Named the Edo Museum of West African Art (EMOWAA), the museum is planned for a site in the centre of Benin City next to Oba’s Palace – the home of Kingdom of Benin royals.
The project forms part of an initiative being led by The Legacy Restoration Trust and the British Museum to showcase the history and archaeology of the former Kingdom of Benin.
Adjaye Associates‘ building will house historic art and artefacts as well as incorporate galleries dedicated to contemporary arts.
It is also planned to feature archaeological remains found during construction and may include reconstructions of the structures that formerly occupied the site.
“I am humbled and deeply inspired to design the new EMOWAA, a project that will establish a new museum paradigm for Africa,” said Adjaye Associates founder David Adjaye.
“From an initial glance at the preliminary design concept, one might believe this is a traditional museum but, really, what we are proposing is an undoing of the objectification that has happened in the West through full reconstruction.”
The concept building consists of a two-storey block with seven gallery spaces on the upper floor and service spaces, offices and auditoriums on the ground floor.
Each gallery will each have high ceilings that extend from the main building to appear like a series of pavilions from the building’s exterior.

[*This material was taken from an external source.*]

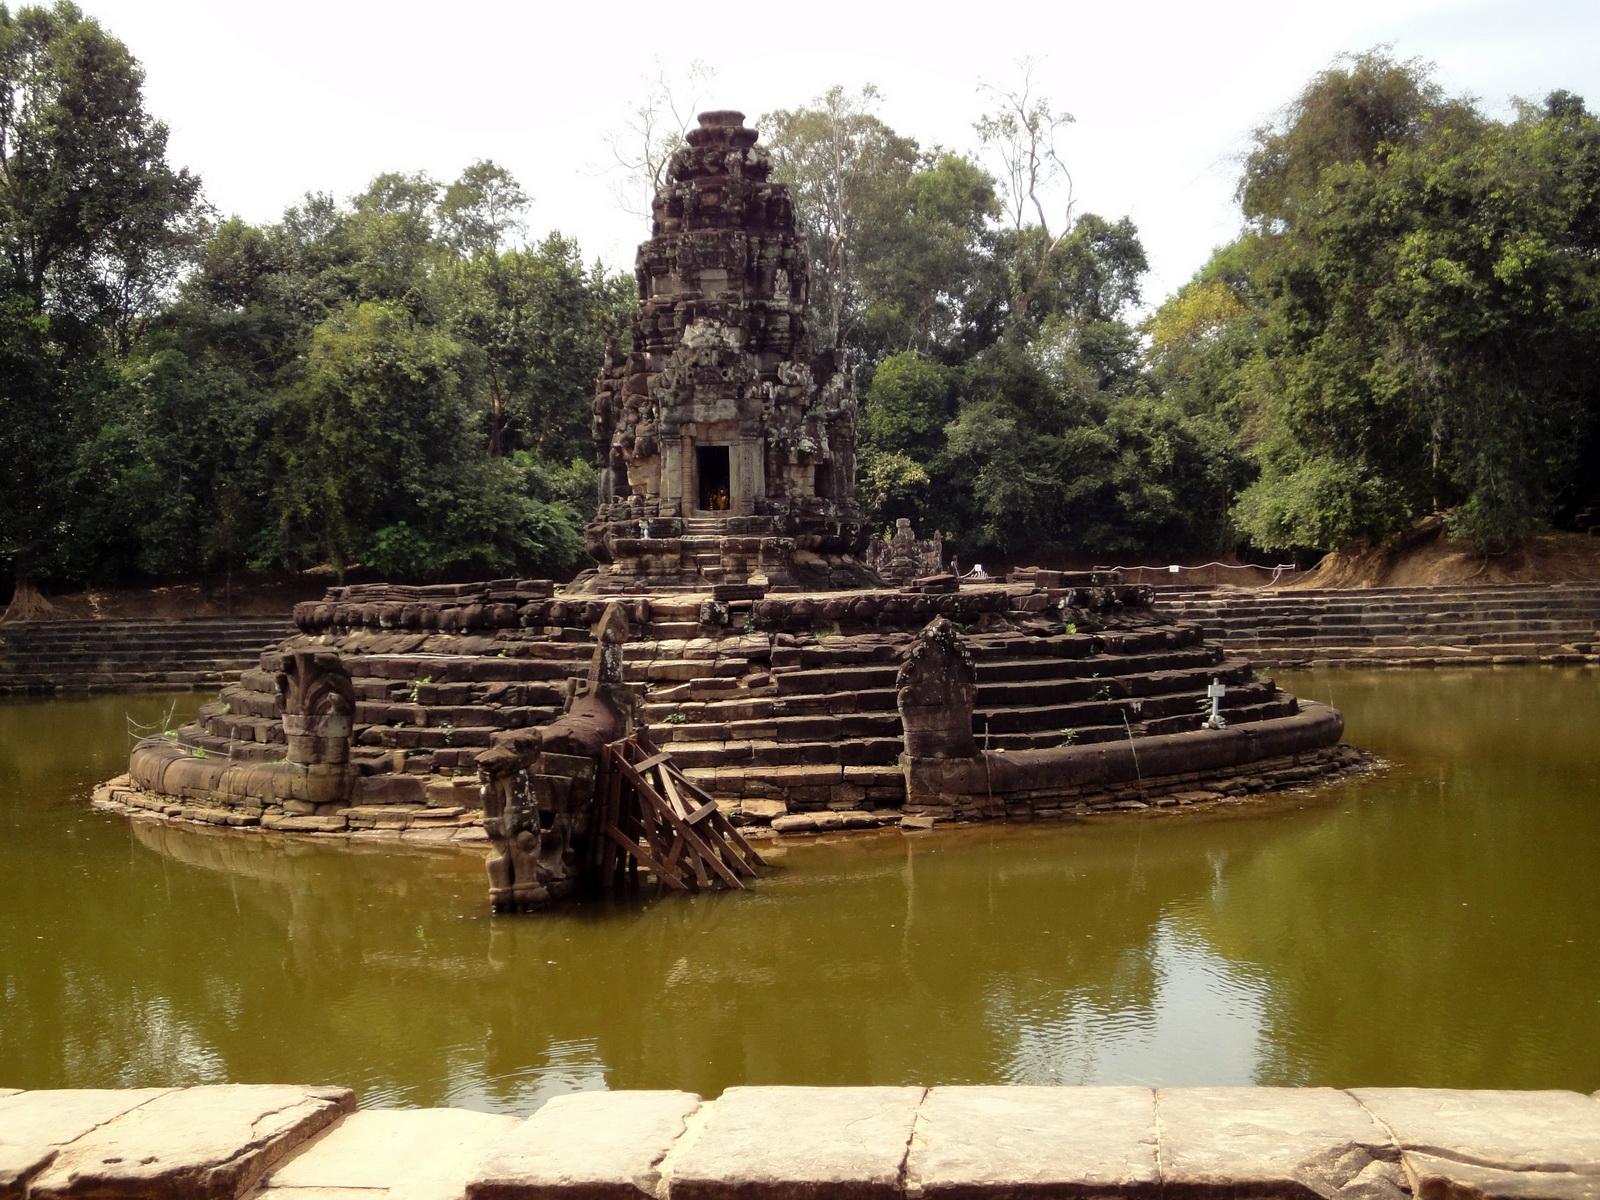 Neak Pean Temple sanctuary and artificial pond 03
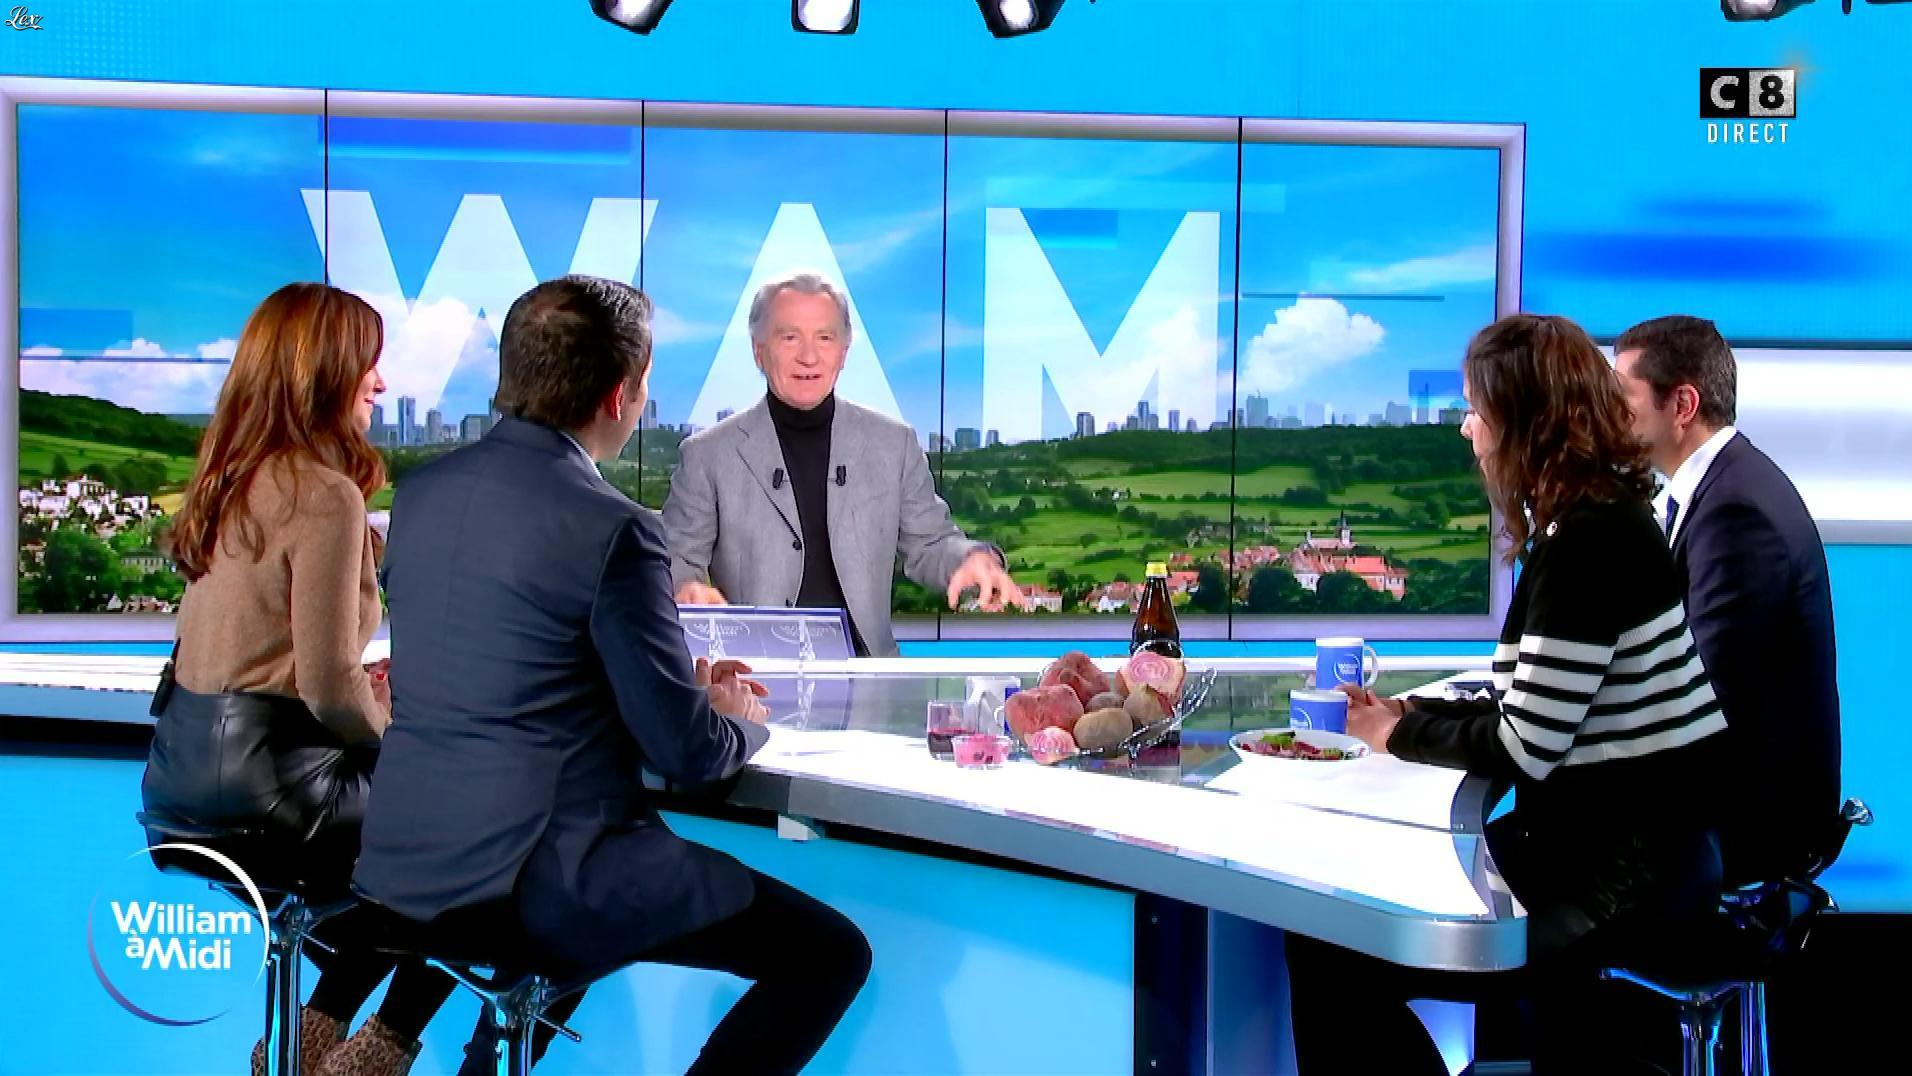 Caroline Munoz et Raphaele Marchal dans William à Midi. Diffusé à la télévision le 05/12/19.

The museum will also contain a taller tower that will be a viewpoint.
According to Adjaye, the building’s arrangement is derived from the ruins of the historic city that the current Benin City stands above.
“Applying our research into Benin’s extraordinary ruins, the city’s orthogonal walls and its courtyard networks, the museum design reconstructs the inhabitation of these forms as pavilions that enable the recontextualisation of artefacts,” said Adjaye.
“Decoupling from the Western museum model, the EMOWAA will perform as a reteaching tool – a place for recalling lost collective memories of the past to instil an understanding of the magnitude and importance of these civilizations and cultures.”
Construction of the museum is planned to happen after a five-year archaeology project takes place on the site and its immediate surroundings to investigate the former capital of the Kingdom of Benin.
The kingdom was one of the most significant pre-colonial states in west Africa before it was conquered by the British in 1897 when large areas of Benin City were destroyed. The city was known for castings in brass and bronze called Benin Bronzes, many of which are now in the British Museum.
All finds from the archaeological excavations will become part of the EMOWAA museum collection and will remain in Nigeria.
Adjaye Associates was established by British-Ghanaian architect David Adjaye in 2000. To celebrate Adjaye being awarded the RIBA Royal Gold Medal we rounded up ten of the studios most significant projects.
The studio recently revealed its design for Le Mémorial des Martyrs, which is set to be built in Niamey, Niger.